Based on that snippet, it seems to be saying that if a teacher is being straight up racist, e.g. marking black students differently than white students for the same work (or perhaps something more subtle), that is wrong and should be stopped.

Is that really what you want to use as an example of inapropriate political interference in the classroom?

1 comments

If we are to believe the other content from their colleagues, "systemic racism" is not necessarily what the common man would define as racist like you're suggesting which hasn't been explicitly legally allowed (more the opposite) for decades in all first-world countries I'm aware of, but almost anything whatsoever -- no matter how intentional or not.
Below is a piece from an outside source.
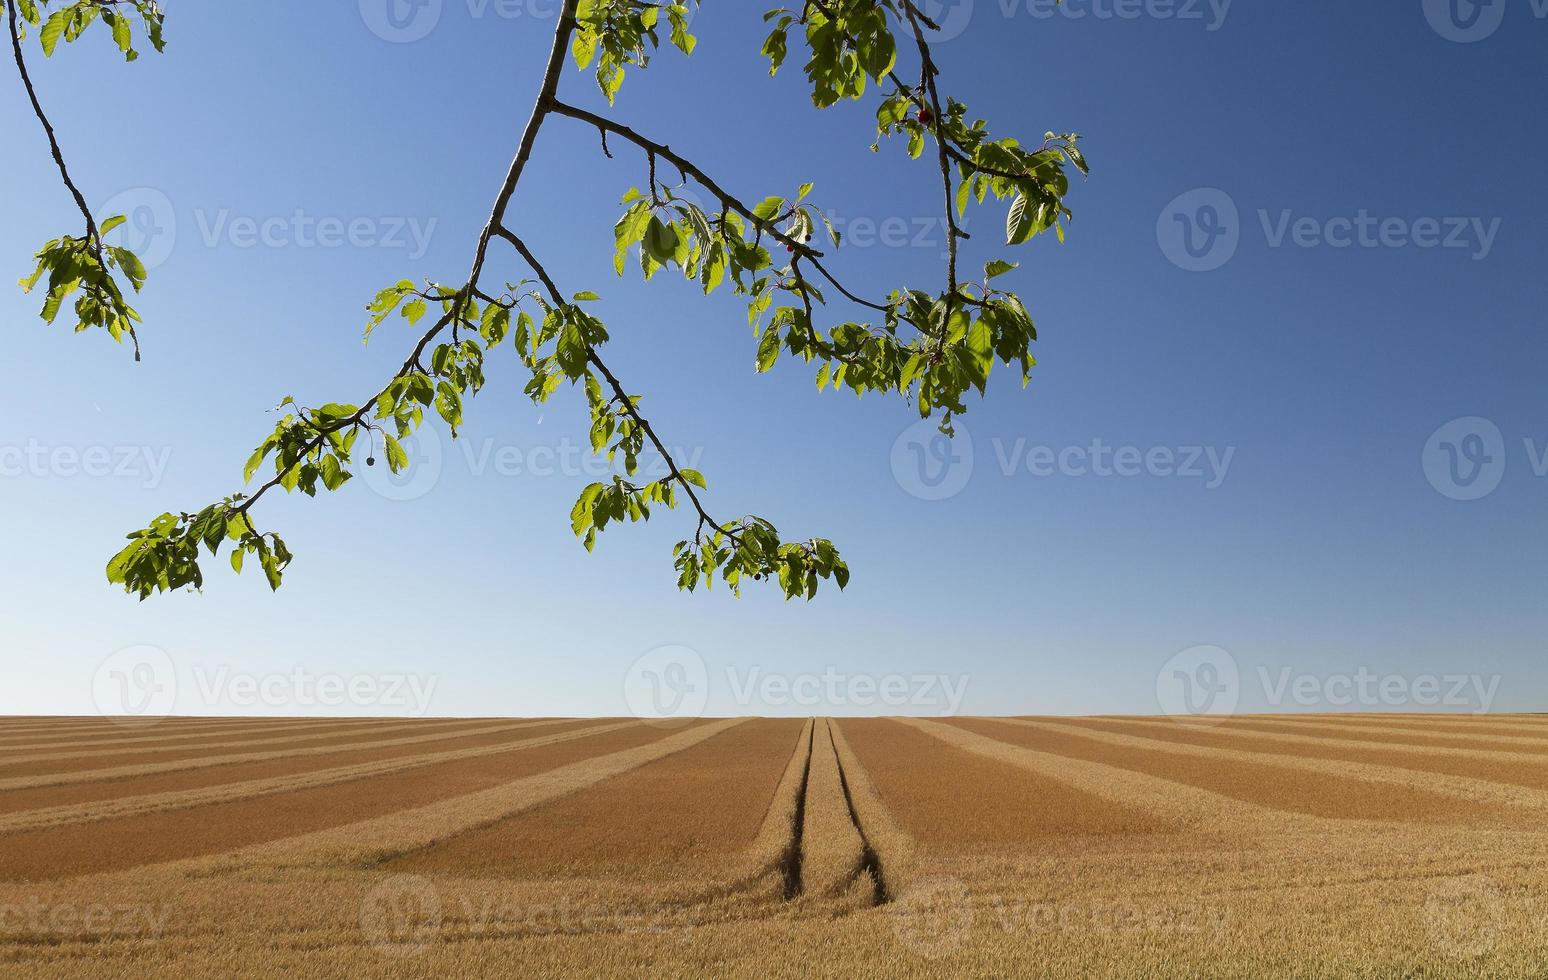 Endless wheatfield photo

According to some of these teaching guides, the first one recommended by State Depts. of Education, things such as the concept of grading work, expecting assignments to be turned in, etc. All are "systemic" (common features of the learning system), and now "racist", therefore "systemic racism". That's the "beauty" of their way of writing. It can mean anything they want at anytime, and is framed in such a way that calling them out automatically "undermines" (to use your term) yourself for investigating their gelatinous word-soup common in their writing. Even asking questions about it you find yourself Kafkatrapped.

"We are pro-good, anti-bad. What kind of person would you need to be to even ask questions about it in the first place in this day and age. Wow, really says a lot about you. Be better and do the work." That's just gossip, moralizing, shaming, all dressed-up and using the shield of academicism. It shares many characteristics with religion from a century or two ago, certainly its tribalism and fervor.